Рис. 7. Неизвестный мастер. Так называемый «Ларец Цельтиса», 31 × 31 × 31 см, 1508, Вена, Музей истории искусств. – Ларец, который Конрад Цельтис (1459–1508) поручил изготовить незадолго до смерти, предназначался для регалий, полученных им при увенчании в качестве поэта-лауреата; это событие имело место на Нюрнбернгском рейхстаге 1487 года, в присутствии Фридриха III, императора Священной Римской империи. Начиная с 1497 года Цельтис преподавал в Венском университете, а потому и ларец был сработан в Вене. Сидящий на Парнасе Аполлон играет на фиделе – в этом образе воплотилось и поэтическое самосознание Цельтиса, и в то же время апелляция к античной музыке (притом что тогдашние представления о ней не были и не могли быть сколько-нибудь конкретными).

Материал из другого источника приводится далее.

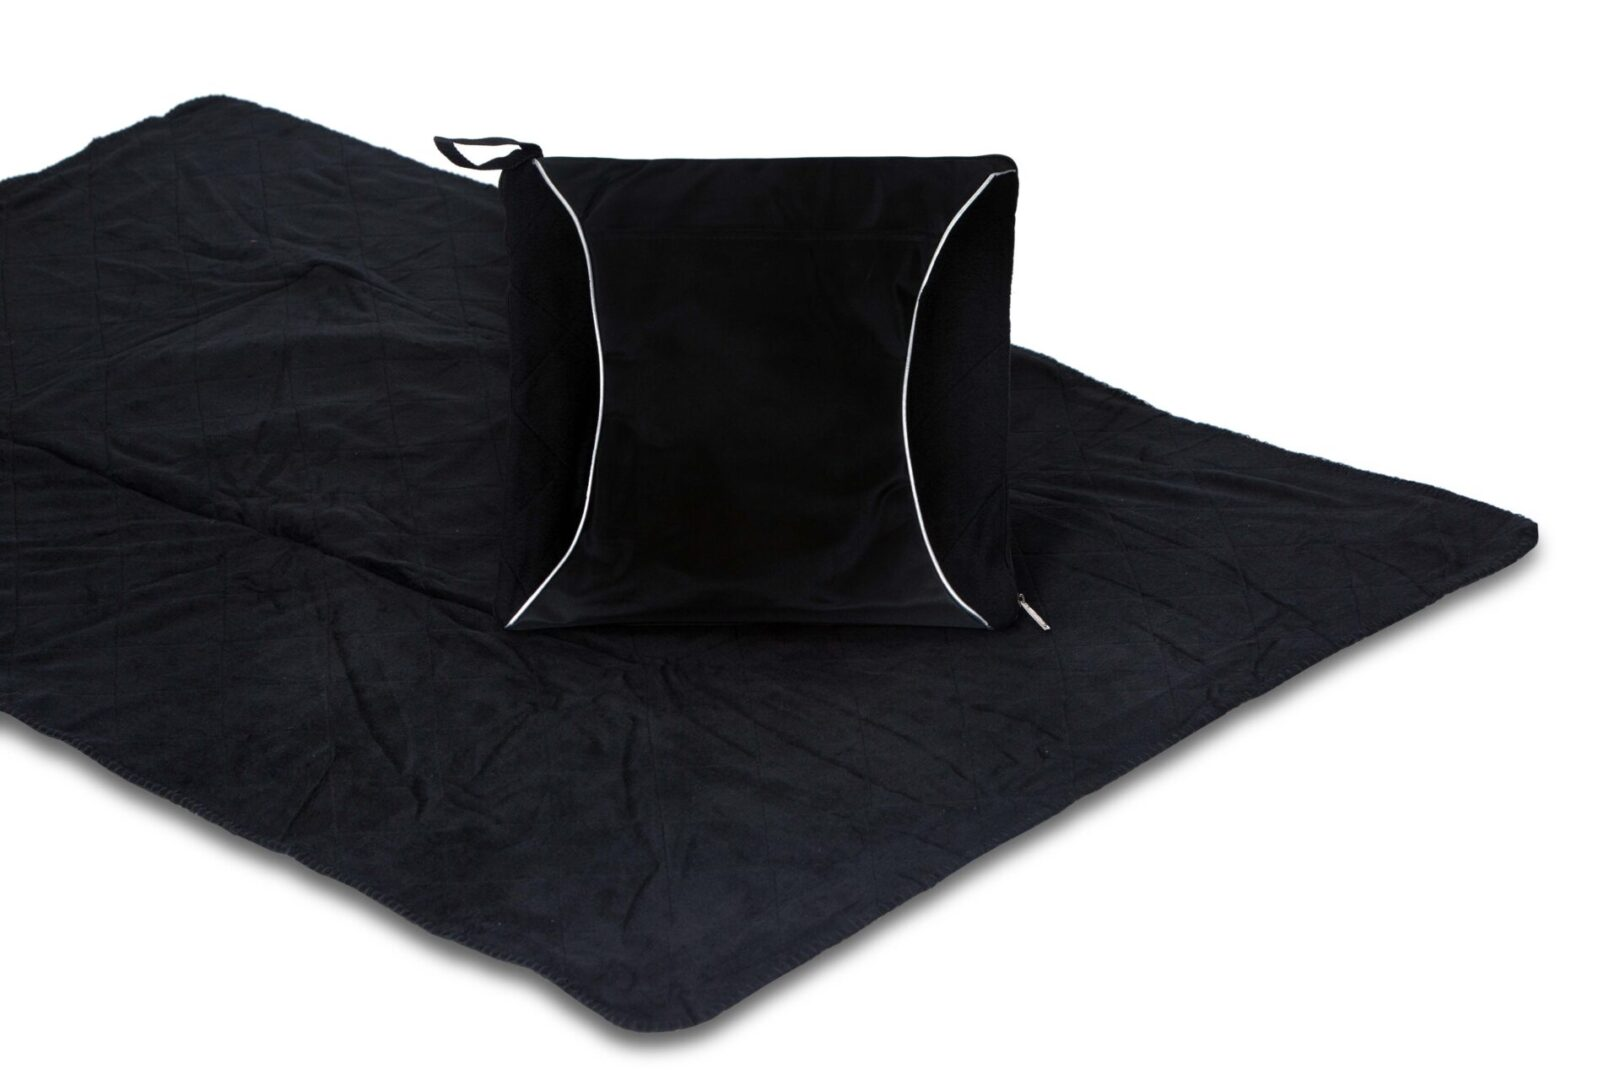 Fleece Blanket Cushion - Black

Своеобразие эпохи Ренессанса, новое качество музыкальной культуры заключалось в понимании тех напряжений, которыми была проникнута музыкальная реальность, окружавшая тогдашнего человека. Такое осознание было невероятно продуктивным, ибо бьющее через край разнообразие музыкальных явлений, в XIV веке еще неведомое, постоянно демонстрировало слуху и взорам все эти разграничения. Дифференциация музыкальных реальностей, в которых жили разные люди одной эпохи, стала одной из главных примет Нового времени. Начало такой дифференциации положила эпоха Ренессанса с присущим ей осознанием щедрого, захватывающего изобилия в самой музыке (именно на таком богатстве делал акцент Кастильоне). Уникальность такого опыта, как и его нарастающая дифференциация, были принципиально новым феноменом еще и по той причине, что в результате явились на свет совершенно различные способы воспринимать музыку, думать о ней, разграничивать специфические сферы музыкального – и, соответственно, по-разному и в разной мере заботиться о сохранности разных видов музыки, а иные из них вовсе придавать забвению. Живший в Льеже около 1420 года помощник регента Жан Франсуа де Жемблако сочинил мотет в честь Девы Марии, в котором не только рискнул прибегнуть к пятиголосию, но и снабдил один из голосов пометой trompetta («труба»). Перед нами очень ранний пример продуктивного экспериментирования с разными музыкальными сферами. Этот процесс – один из характерных признаков Ренессанса. Заданной им динамике положила конец лишь нынешняя эпоха: победное шествие технических средств воспроизведения привело к уравниванию всего и вся, а также к тому, что стала записываться и сохраняться любая музыка без разбору.

вернуться

13

Впервые Лассо обратился к этому жанру в 1555 году.